No había tenido en cuenta a los locos.
Cerré los ojos al recordar. No estaba seguro de si estaba ocurriendo en el pasado o en el presente, en el hospital o en mi apartamento. Lo estaba evocando todo, esta noche y aquella noche, que eran la misma.
Peter emitía ruidos guturales mientras forzaba la puerta con la palanca, junto con el hombretón retrasado, que se esforzaba sudoroso y mudo a su lado. Junto a mí, Napoleón, Noticiero y los demás estaban dispuestos y esperaban, como un coro, mi siguiente instrucción. Temblaban y se estremecían de miedo y entusiasmo porque ellos, más que nadie, comprendían que era una noche irrepetible, una noche en que las fantasías y la imaginación, la alucinación y el delirio se hacían realidad.
Y Lucy, a pocos metros de distancia, pero sola con el hombre que durante tanto tiempo sólo había pensado en su muerte, sabía que necesitaba seguir ganando segundos.
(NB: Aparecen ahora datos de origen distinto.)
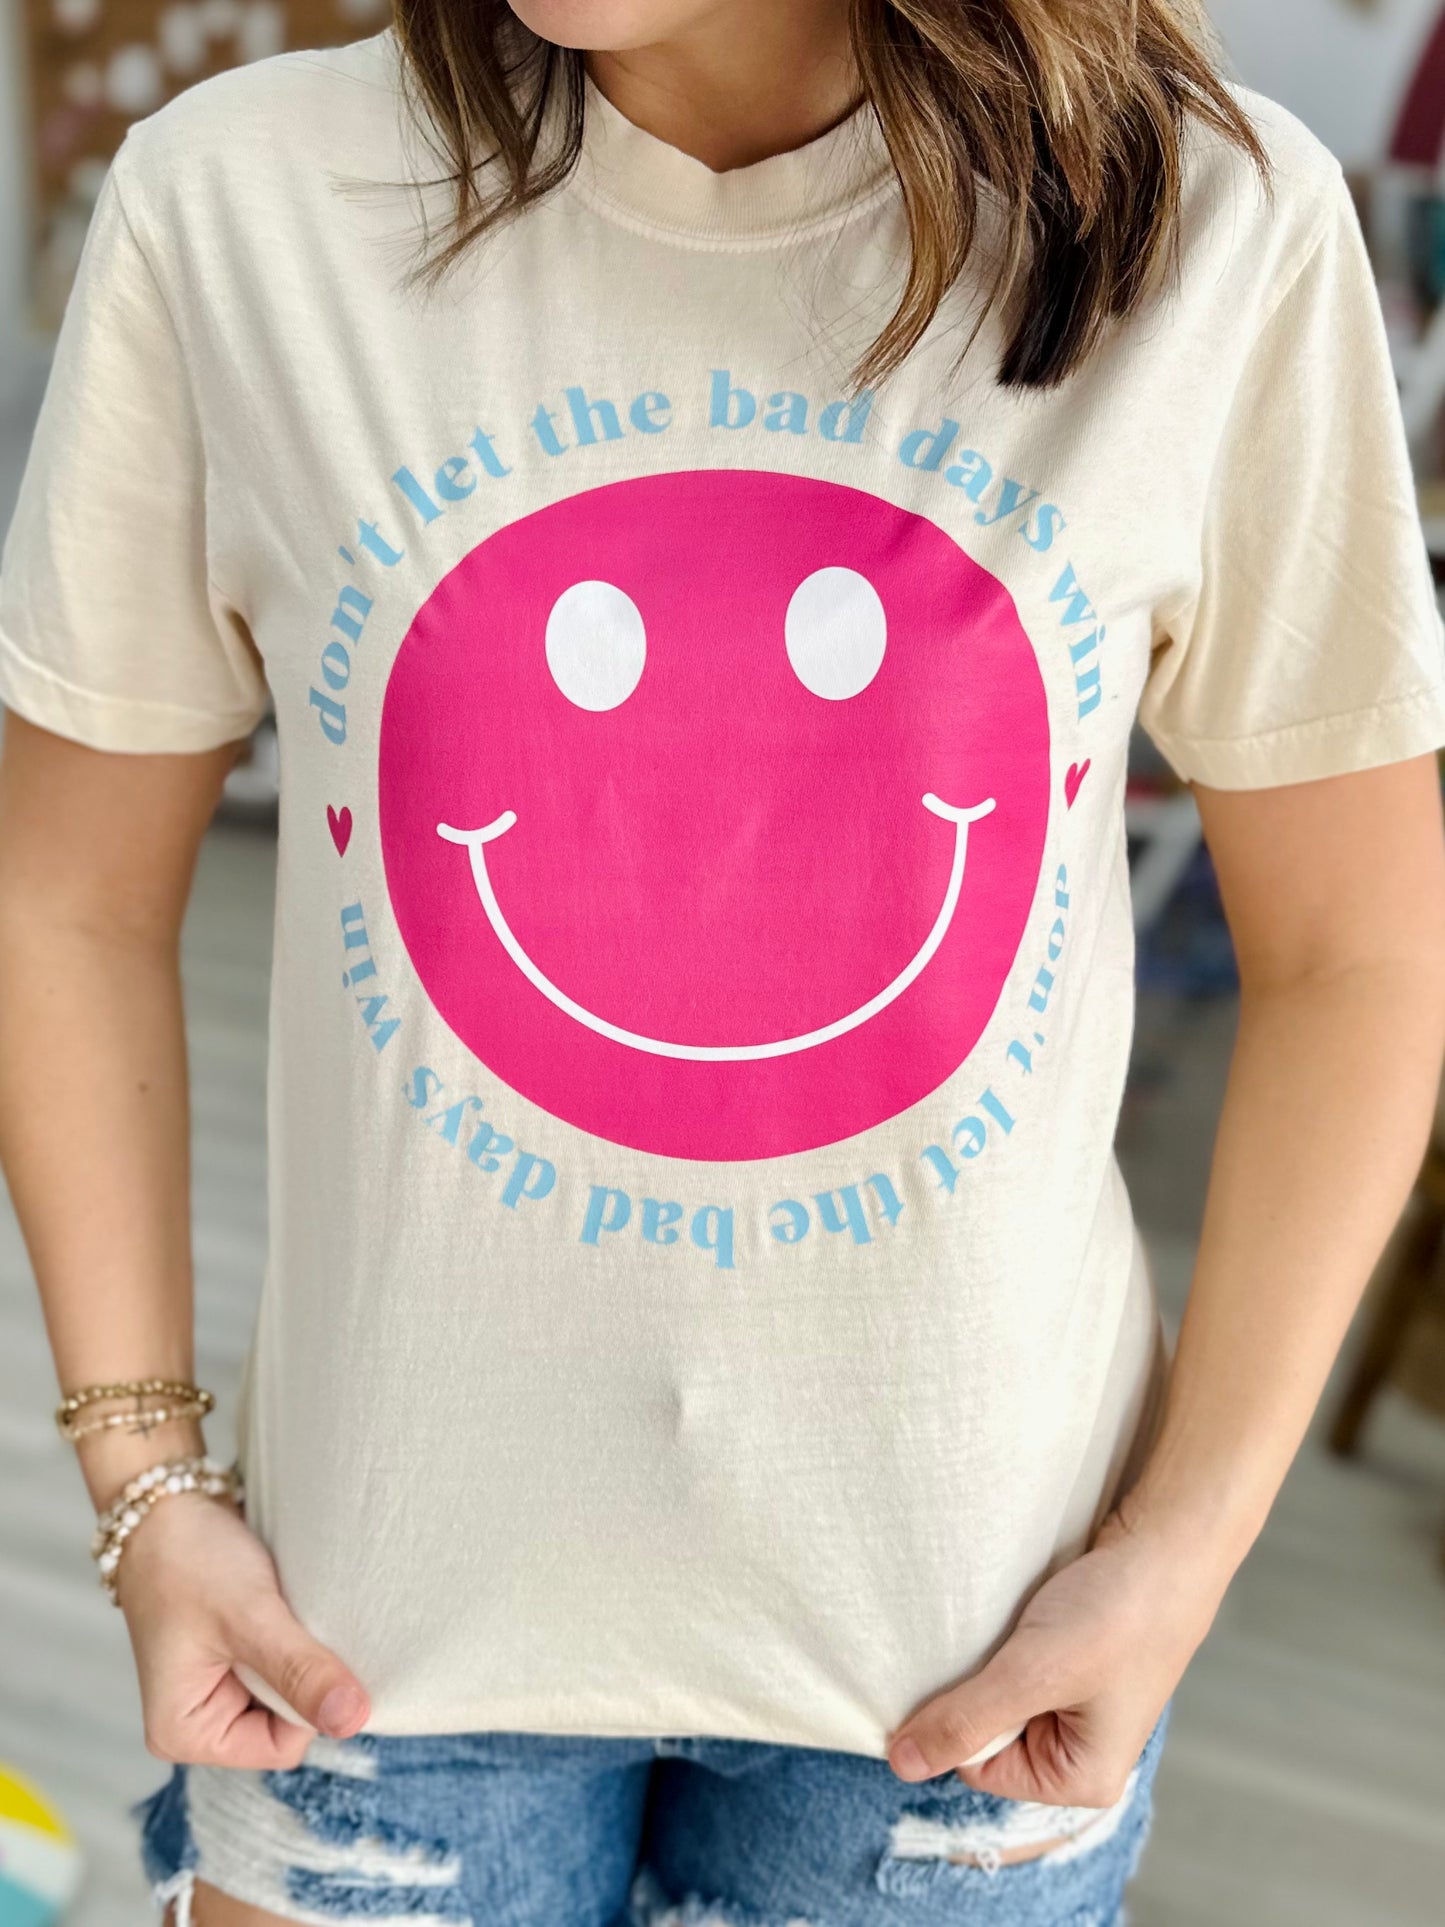 Don't Let the Bad Days Win Tee

Lucy intentó pensar a pesar de la sensación fría y afilada de la hoja que se le hundía en la piel, una sensación terrible que paralizaba su capacidad de razonamiento. Podía oír, al fondo del pasillo, el ruido de la puerta al ser forzada; que gemía quejumbrosa ante los embates de Peter y el retardado. Cedía despacio, indecisa a abrirse y permitir el rescate. Pero, por encima de ese ruido, oyó cómo los hombres del dormitorio vociferaban la palabra «Apolo», y eso le dio una brizna de esperanza.
—¿Qué significa? —preguntó el ángel con frialdad. Que no le inquietase aquel repentino ruido asustó tanto a Lucy como todo lo demás.
—¿Qué?
—¡Qué significa! —insistió él con voz baja y dura.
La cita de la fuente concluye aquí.